Nearly 40 per cent of cases in which pregnant women are admitted to intensive care in New Zealand because of severe illness are potentially preventable, according to a University of Otago study.
Despite the figure being in line with other developed countries, lead author Bev Lawton said it was "a real wake-up call".
The study, which has been published in the American Journal of Obstetrics and Gynaecology, found that out of 98 severe acute maternal morbidity (illness) cases, 38.8 per cent were potentially preventable. A further 36.7 per cent of cases were not preventable but improvement in care was needed.

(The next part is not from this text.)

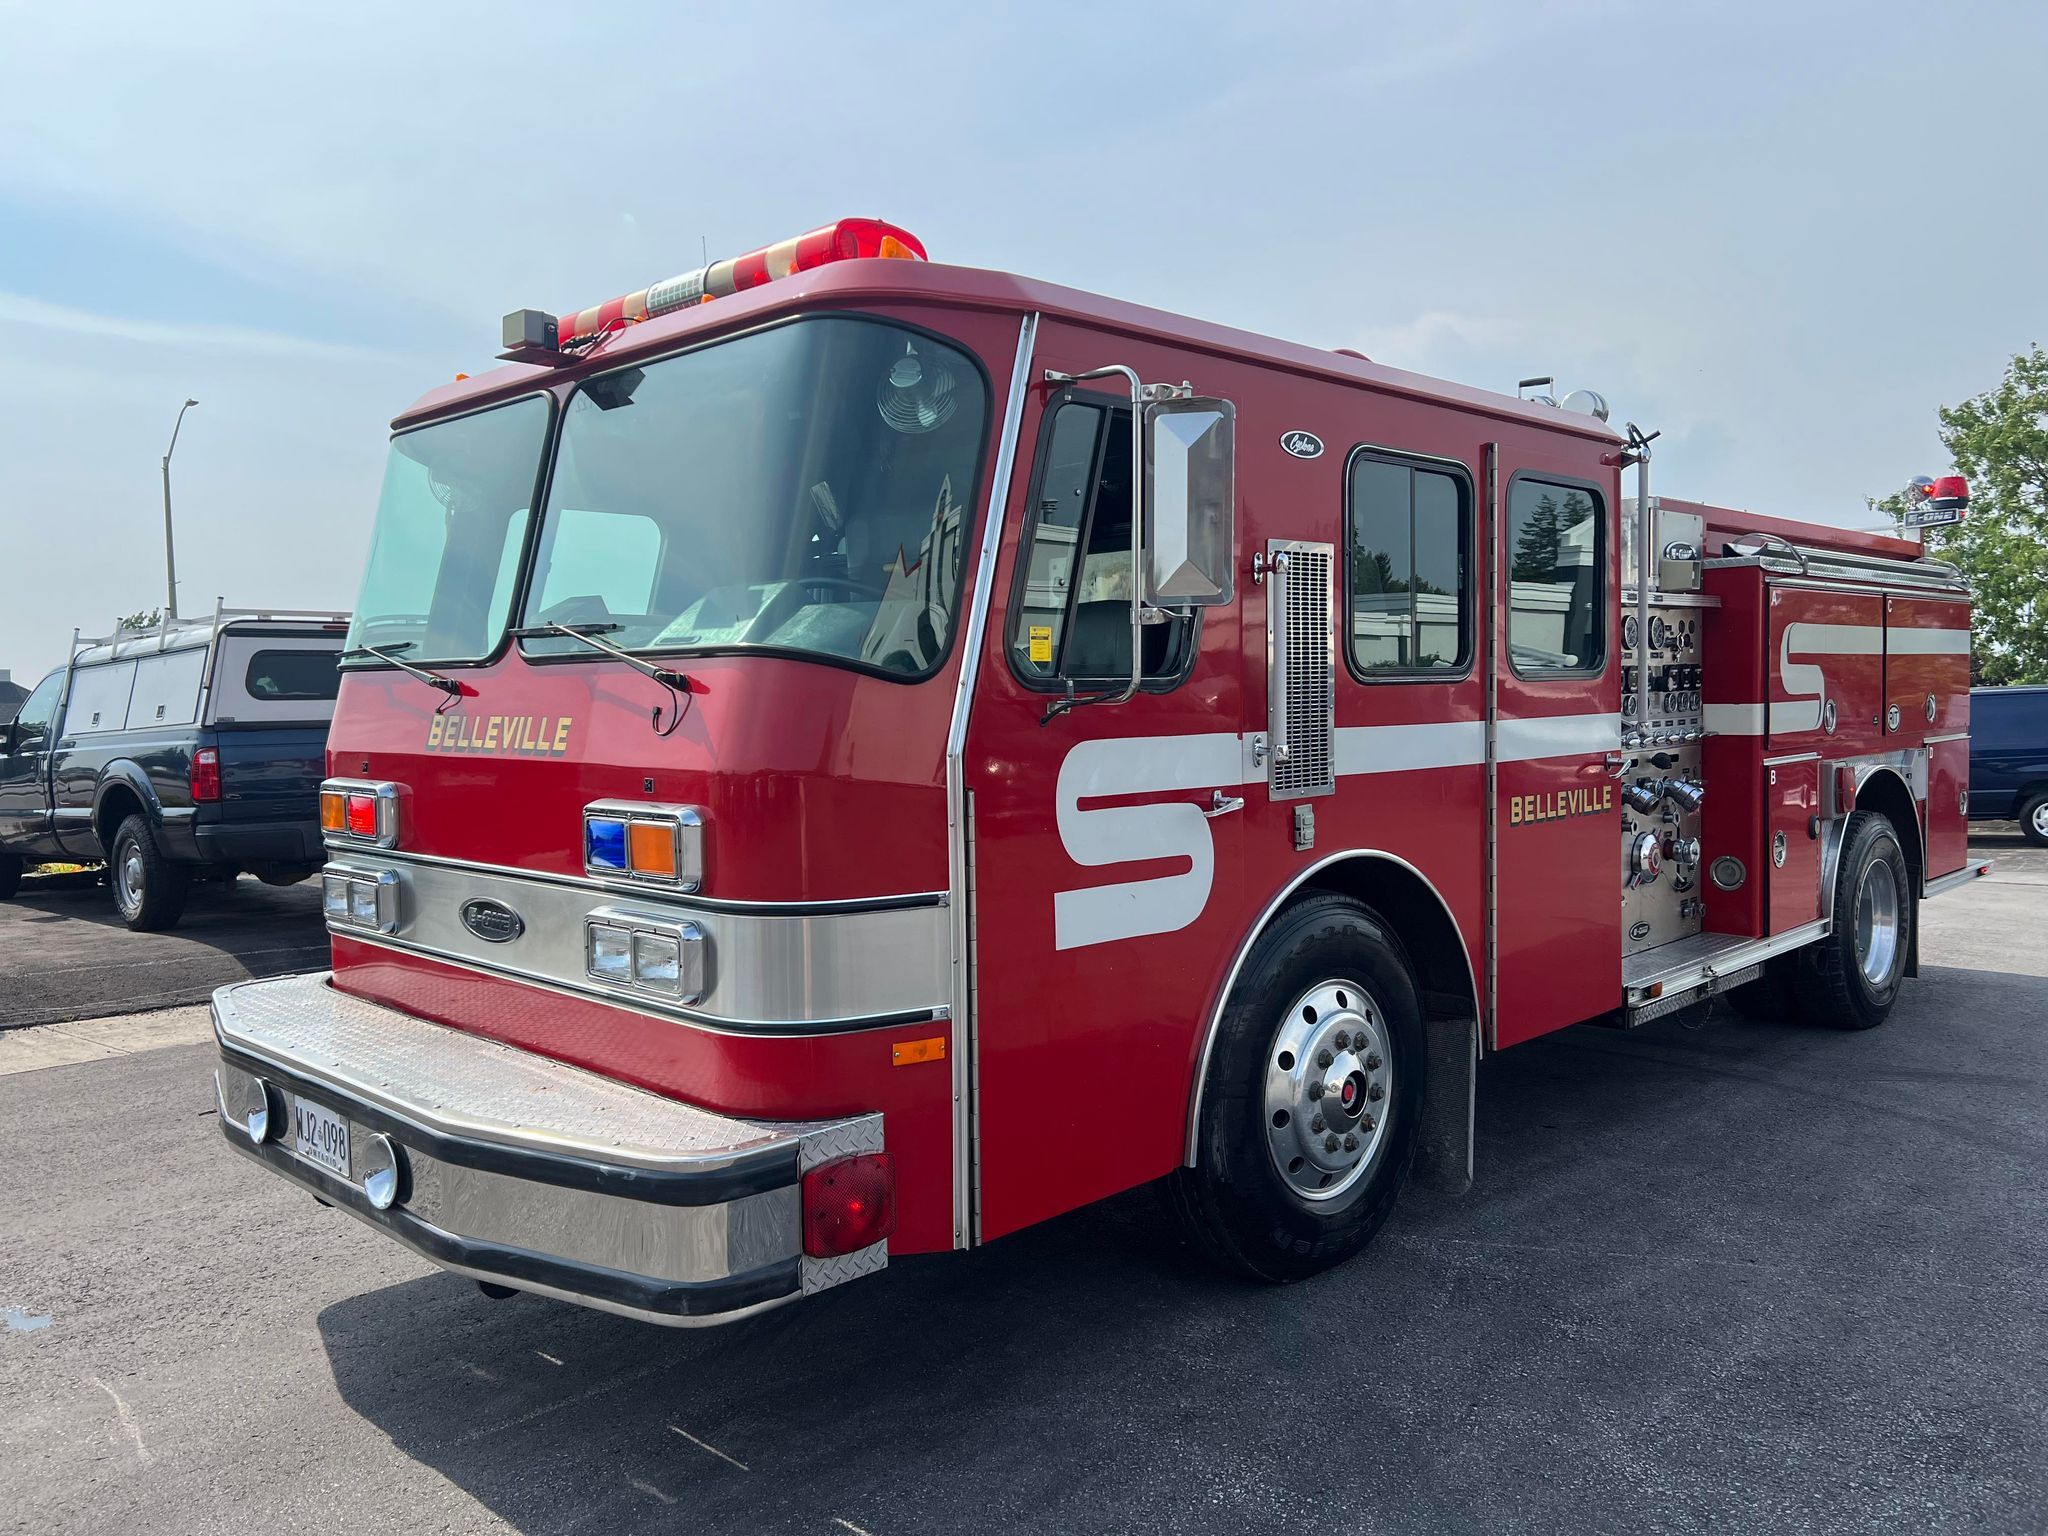 1991 E-One Fire Truck Just Reduced to $19,995

The most common causes were blood loss and septicaemia, and the most frequent preventable factors were clinician related. These were most often a failure to recognise a woman's high-risk status and delayed or inappropriate treatment, said Dr Lawton, of the Women's Health Research Centre.
"This was about every part of the maternity care pathway so it was all people - it was obstetricians, it was midwives, it was primary care, it was emergency departments," she said.
By finding the gaps and problems in the systems and processes, clinicians and researchers could create long-term change, she said.
"While our primary focus is how to reduce these disturbing rates of preventable severe illness for pregnant women, we also want to improve the health outcomes for everyone, and get it right where it's not working," Dr Lawton said.
The study, which was based on cases from 17 months during 2011 and 2012, was funded by Te Kete Hauora within the Ministry of Health. The researchers did not identify the District Health Boards that were looked at.
On behalf of the ministry, Maori Health director-general Teresa Wall said New Zealand had a good maternity system with a comprehensive quality and safety programme.
A November 2012 comparison by Malatest International found that New Zealand had similar or better outcomes across a wide range of measures compared with countries such as Australia, the United Kingdom and the United States.
The ministry, with the Health Research Council, is funding a widening of the audit to a national level.